Seoul, August 25: Seoul said on Tuesday that Deputy Foreign Minister Chun Yung-woo is headed to the US for talks on sanctions imposed on Tehran.
Delegates from South Korea’s Foreign Ministry and the Financial Supervisory Service (FSS), a top financial watchdog, will accompany Chun, the ministry said in a statement.
Chun is expected to meet with Robert Einhorn, the state department’s special adviser for non-proliferation and arms control, and other US financial authorities to discuss details of the UN Security Council’s economic sanctions on Iran, the ministry added.
South Korean financial authorities have been considering possible sanctions against the Seoul office of Iran’s Bank Mellat.
The Seoul branch office of the bank, one of Iran’s biggest banks, is its only operation outside the Middle East and Europe.
Foreign Ministry spokesman Kim Young-Sun told AFP that Seoul will also send a separate delegation to Tehran in the near future for talks related to the sanction.
If carried out, the move is likely to affect more than 2,000 South Korean companies involved in trade with Iran, most of which are settled through Bank Mellat’s Seoul branch.
Korea will reportedly suffer some 4 billion dollars in losses if it joins the US-led sanctions.
Korea’s automotive sector will also be hit especially as Iran is among the biggest Middle East markets for Korean cars.

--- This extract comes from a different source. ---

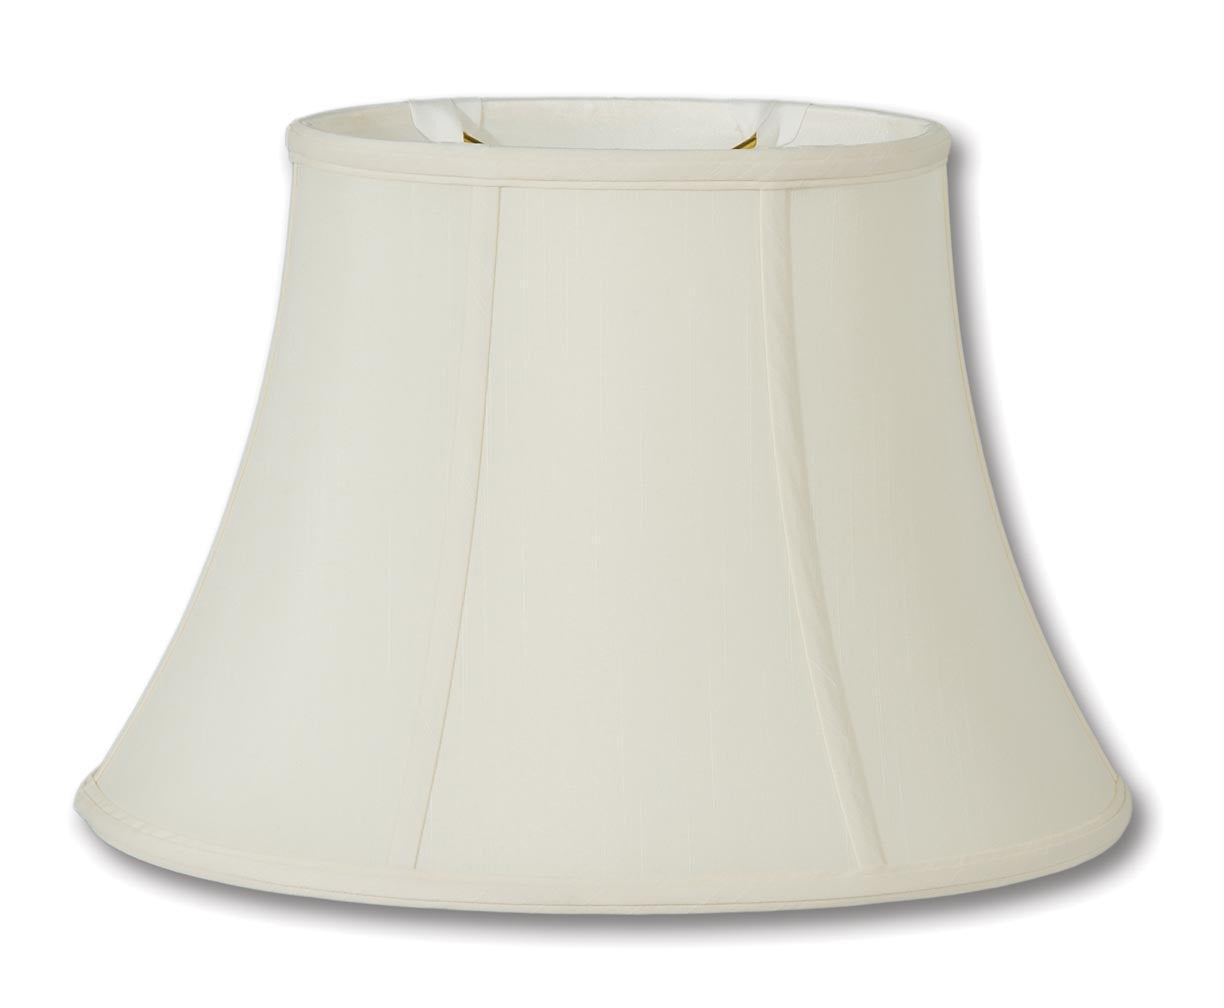 Oval Bell Lamp Shades - Eggshell Color, Tissue Shantung Material
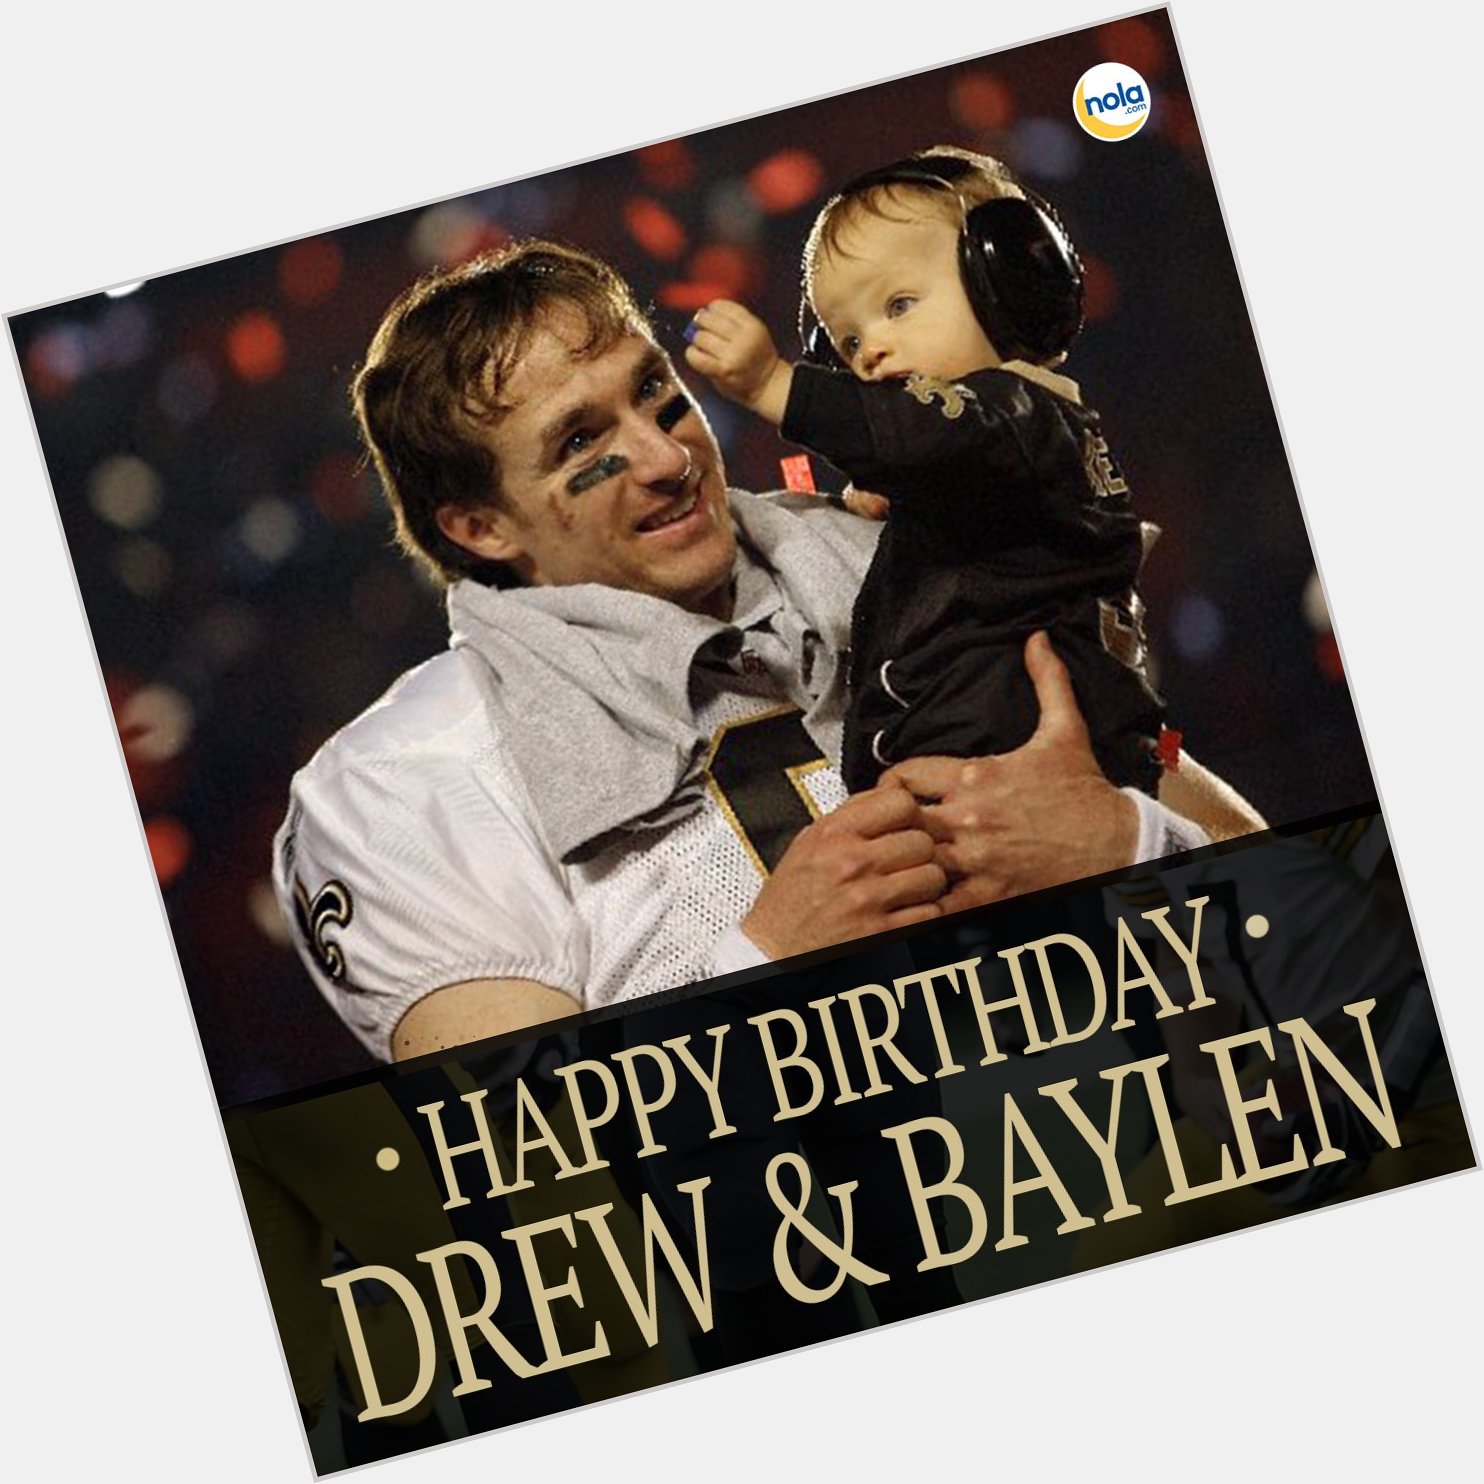 Did you know Drew Brees shares a birthday with his son, Baylen? Happy birthday, Drew and Baylen!

Iran’s trade with South Korea, one of its biggest partners, surged more than 50 percent year-on-year to 7.4 billion dollars in the first seven months of this year mainly due to increased oil exports to the Asian nation.
Tehran accounts for 10 percent of South Korea’s annual oil imports.
The US has been urging its allies to join efforts in punishing Tehran over its nuclear.
Meanwhile, the US government has also urged Japan to implement additional sanctions on Iran, bringing them in line with European Union sanctions.
The foreign ministers of Iran, Turkey, and Brazil signed a declaration in Tehran on May 17, according to which Iran would ship 1200 kilograms of its low-enriched uranium to Turkey to be exchanged for 120 kilograms of 20 percent enriched nuclear fuel rods to power the Tehran research reactor, which produces radioisotopes for cancer treatment.
Despite the fact that Iran agreed to conduct the fuel swap, the UN Security Council passed a resolution on June 9 imposing new sanctions on Iran.
Following the UN Security Council resolution, the US and the European Union imposed unilateral sanctions on the Islamic Republic.
Iran is a signatory to the Nuclear Non-Proliferation Treaty (NPT) and thus has the right to enrich uranium to produce fuel.